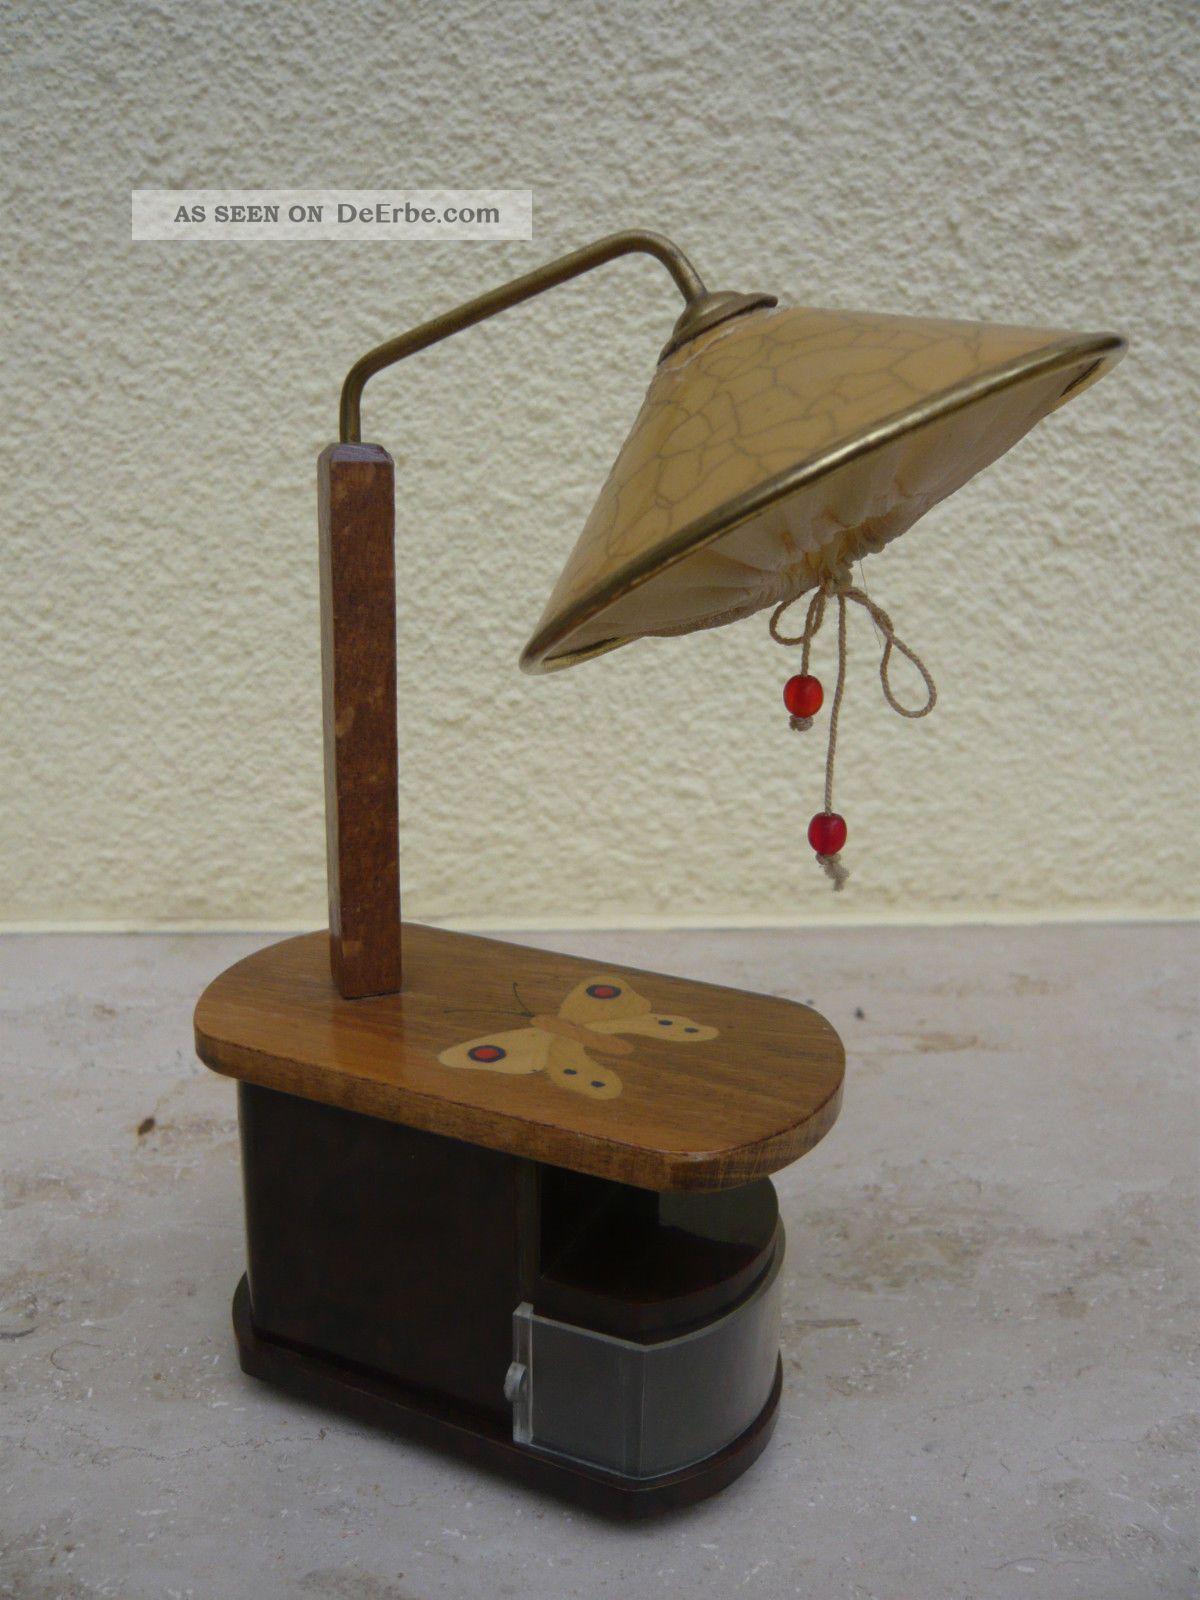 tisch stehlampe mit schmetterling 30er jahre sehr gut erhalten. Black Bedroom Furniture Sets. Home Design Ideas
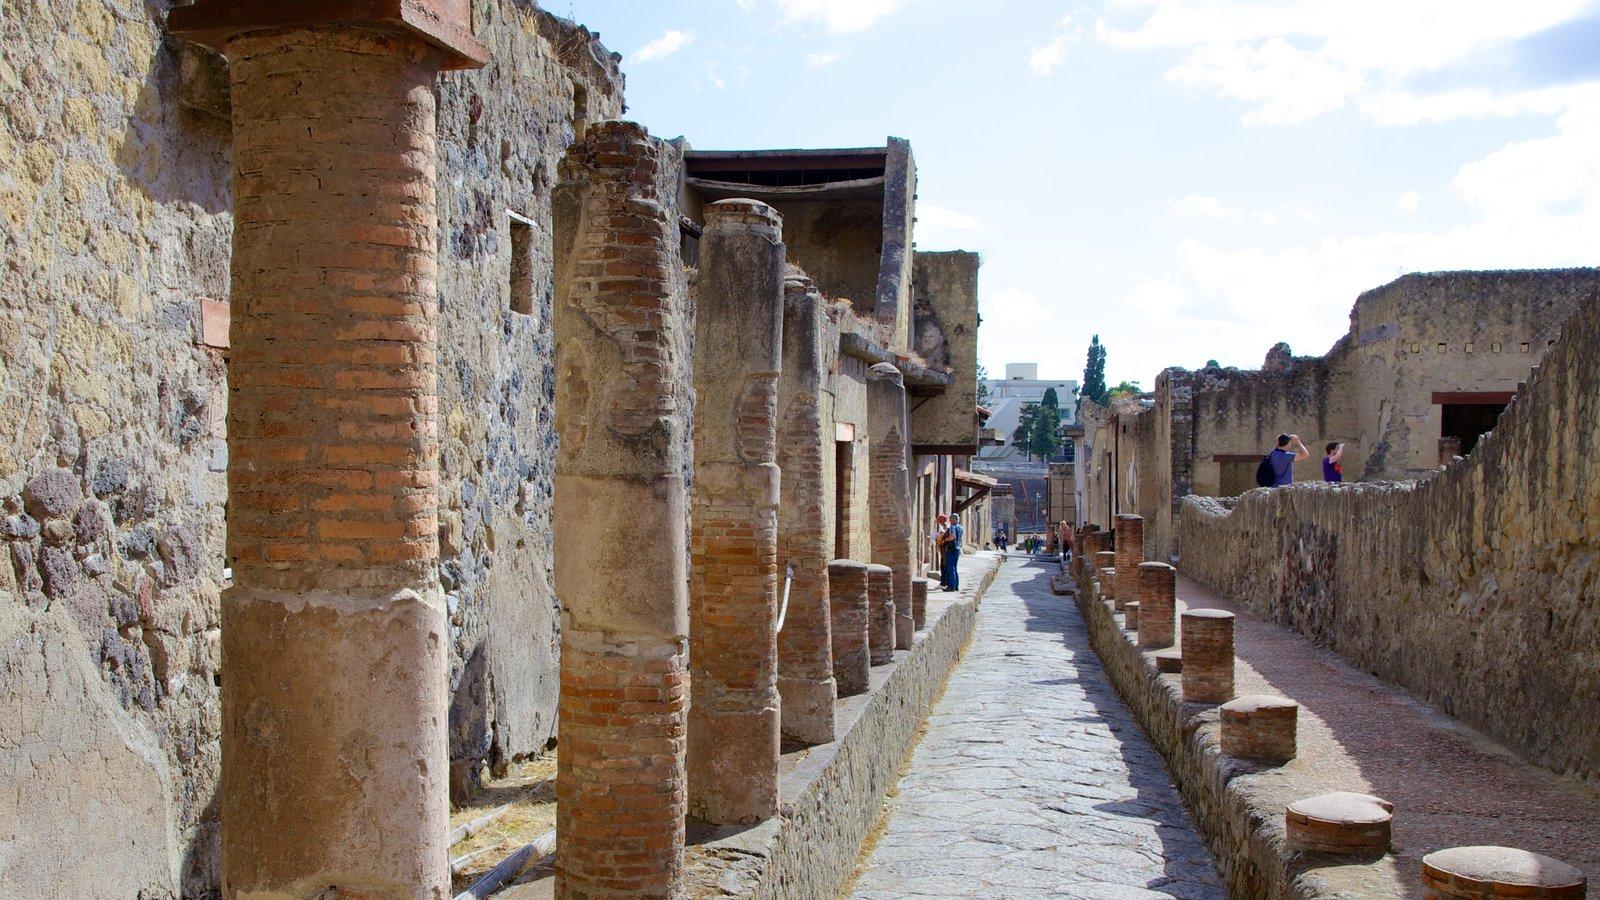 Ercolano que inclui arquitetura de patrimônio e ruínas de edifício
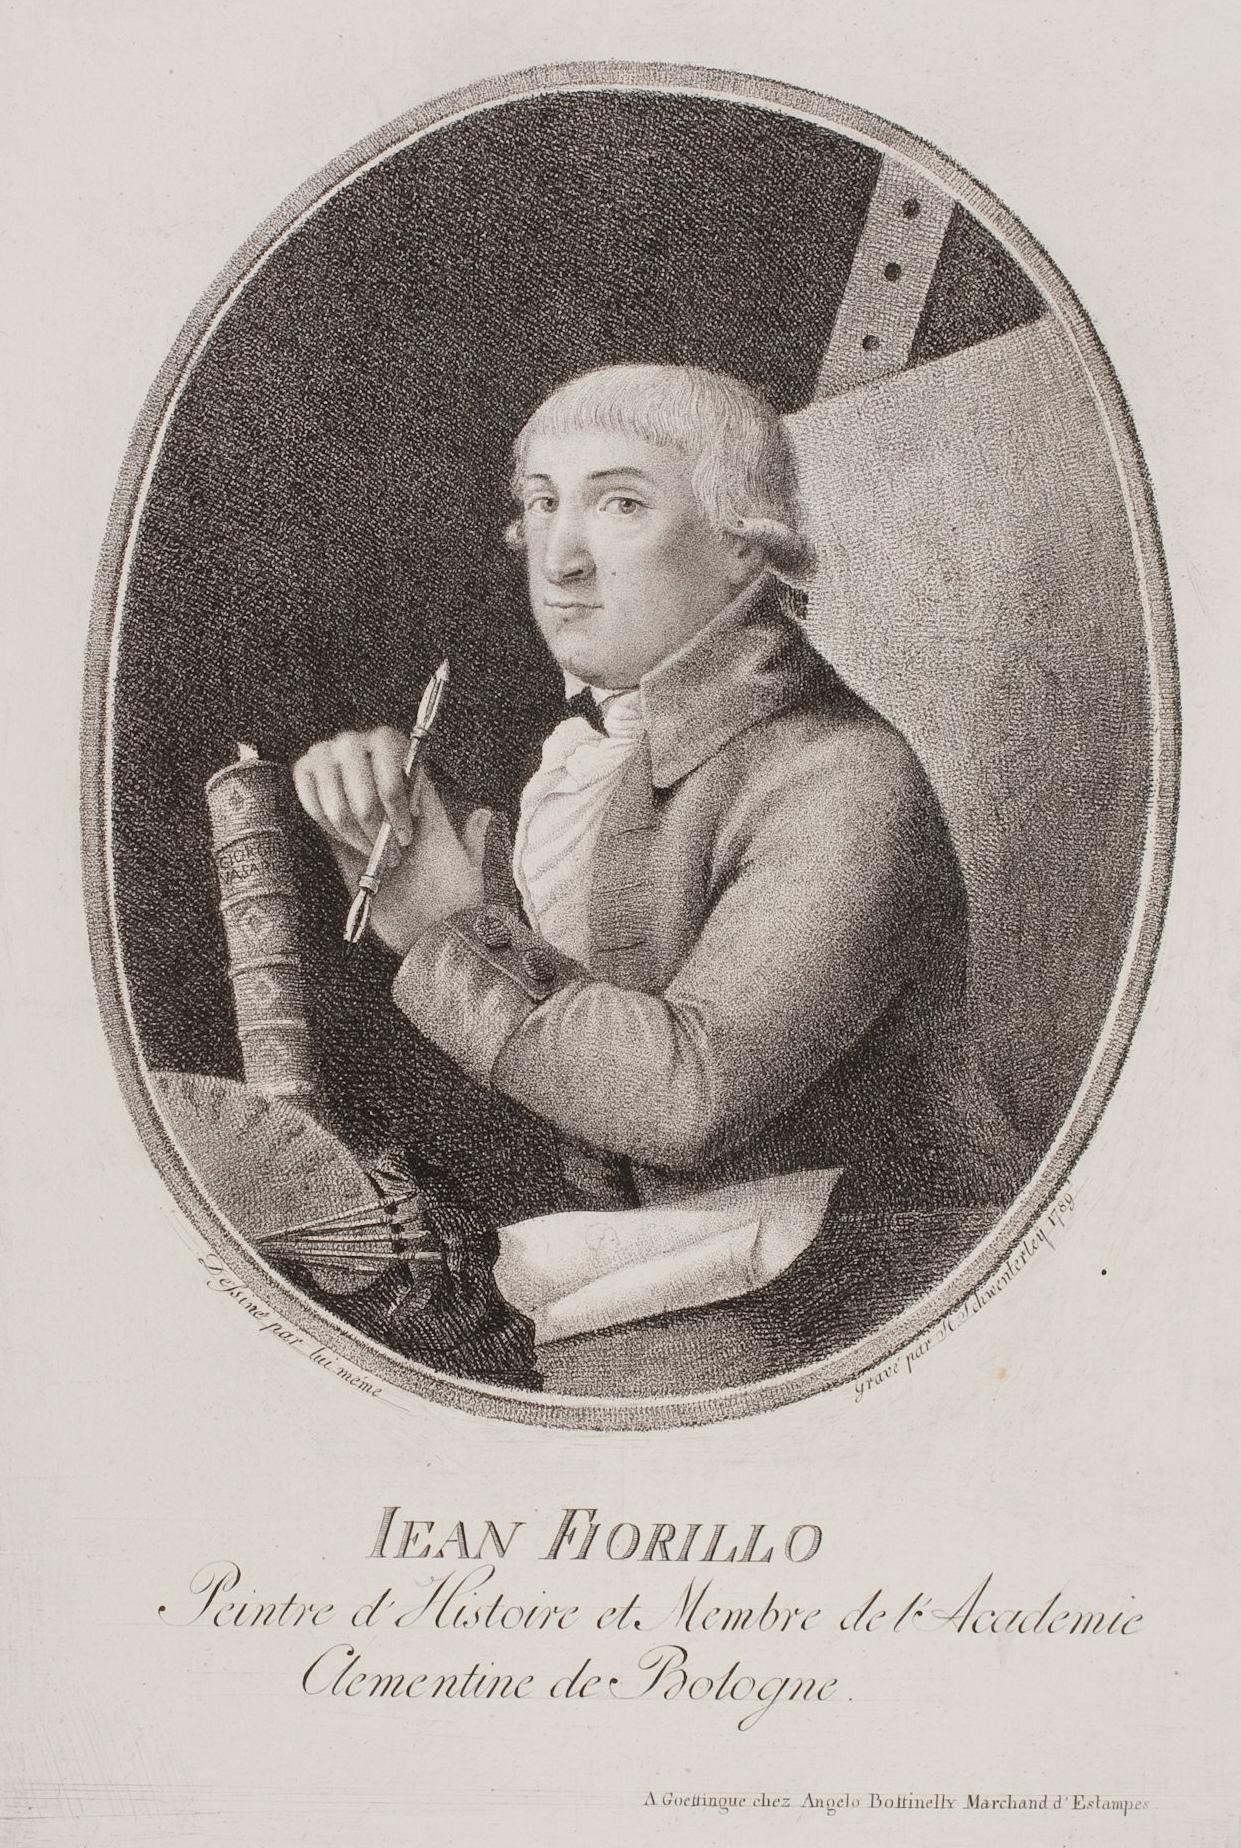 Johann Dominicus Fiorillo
· · · · ·
● **WHAT THIS TASK INVOLVES**
The line containing "Ercolano que inclui" marks the start: set down exactly that line and every line after it through the last line of the data, without any pictures.

● **WRITTEN ANSWER**
 Ercolano que inclui arquitetura de patrimônio e ruínas de edifício
 Johann Dominicus Fiorillo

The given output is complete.